Fatum – Sylvie CALLET – 2023 – Ed. du Caïman

Quatrième de couverture

Issue des quartiers, Samia, une lycéenne de 15 ans, rêve en secret de devenir écrivaine. Depuis qu’Amar, son père, est parti au bled, sa mère Sabine peine à joindre les deux bouts, son frère Sohan se radicalise, sa petite sœur Myriam devient ingérable. Abby, sa meilleure amie, submergée par un drame familial, part elle aussi à la dérive. Samia trouve du réconfort dans les ouvrages qu’elle emprunte chaque semaine à son étrange voisine, madame Henry, surnommée « la femme aux livres ». Un jour la jeune fille trouve celle-ci sur le carrelage de sa cuisine en train de se vider de son sang. Une enquête est ouverte pour agression. Samia l’ignore, mais sa vie vient de basculer. Inexorablement.

Chronique

Pour certains, la vie est un réel cauchemar. Il la prennent en pleine figure, dès leur premier vagissement. Tout est fait pour qu’elle empire au fil des jours. Dans un quartier difficile, les jeunes vivent leur quotidien comme il le peuvent. Au petit bonheur, la chance. C’est dans ces circonstances qu’une voisine, nouvellement installée, est agressée. Qui est l’agresseur? Est-ce quelqu’un du quartier ? Pourquoi ? Muette, la voisine ne peut s’exprimer sur cette agression. Quelles en sont les raisons ? Ce quartier où elle a emménagé la rejette. Il ne veut pas d’elle. Elle détonne par rapport à la population qui l’habite. Mme Henry semble se cacher. De quoi ? De qui ? Elle semble porter en elle une douleur profonde. Qui est-elle ? Quelle est son histoire ?

Sohan, Samia, Abby et les autres habitants du quartier ont un parcours haché, chaotique. Un parcours parsemé de douleur, de secrets tus. Des parcours qui s’entrecroisent dans une violence retenue. Une violence qui semble attendre son moment pour éclater au grand jour. La police mène son enquête, difficilement, bousculant les habitudes, le quotidien de ce microcosme. Le lecteur devient un observateur silencieux de ce huis-clos où les rancœurs, les doutes, les larmes retenues contre vents et marais, couvent tel le magma d’un volcan dont l’éruption n’est plus qu’une question de temps. Une éruption qui risque de tout emporter sur son passage. Sans merci. Les mots sont forts, violents, parfois bravaches. Parfois rudement tendres, comme ces êtres à la vie lacérée, malmenée et qui n’ont plus aucun espoir sur le futur.

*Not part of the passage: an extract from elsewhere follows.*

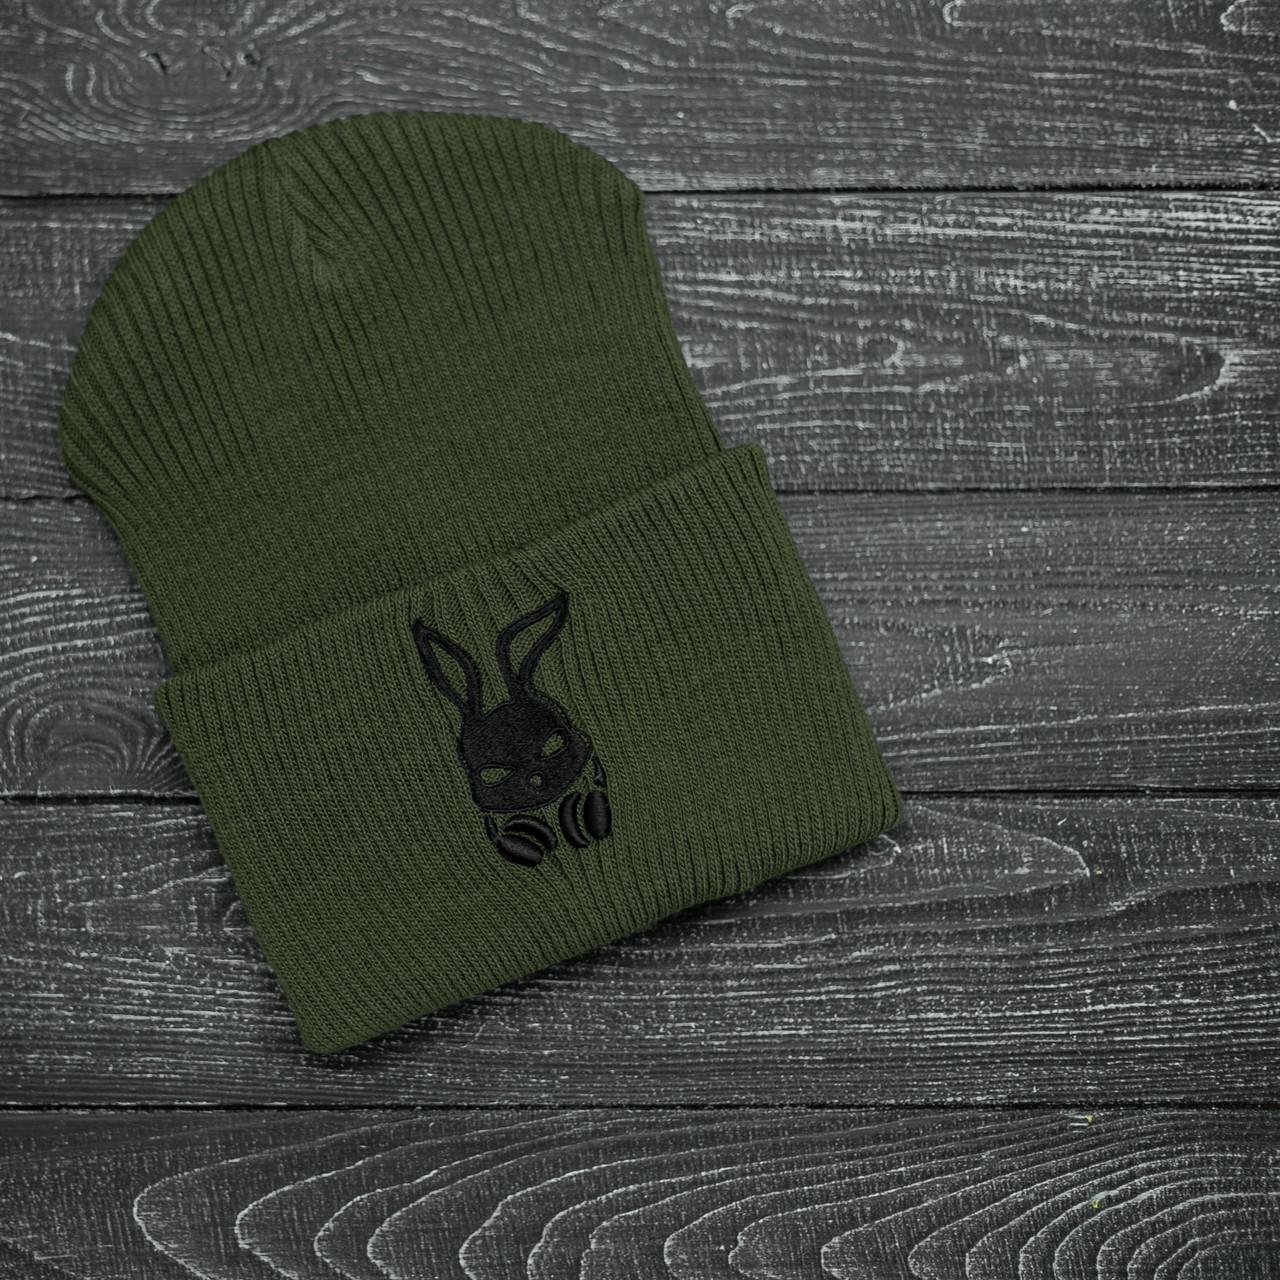 Мужская | Женская шапка Intruder хаки, зимняя bunny logo зеленая

Ce roman policier tricote des liens tendus, rêches, entre des humains fracassés et des vies violemment fragiles, dans un quartier ou la faiblesse livre l’agneau au loup terré, assoiffé de sang. La radicalisation guette avec impatience ces agneaux offerts sur l’autel de la désespérance, des blessures à vif, profondément cachées aux yeux des âmes damnés. Des âmes dont les relents aux senteurs de soufre, couvrent d’un épais nuage des destins fragiles dont ils se repaissent avidement. Samia et ses compagnons brisés par des récifs assassins, ont peut être enterré, hypothéqué tout espoir de rachat d’une vie tranquille. Un Dieu maudit se repaît de ce désespoir endémique. Le prix à payer sera à la hauteur de son attente. Le prix du sang.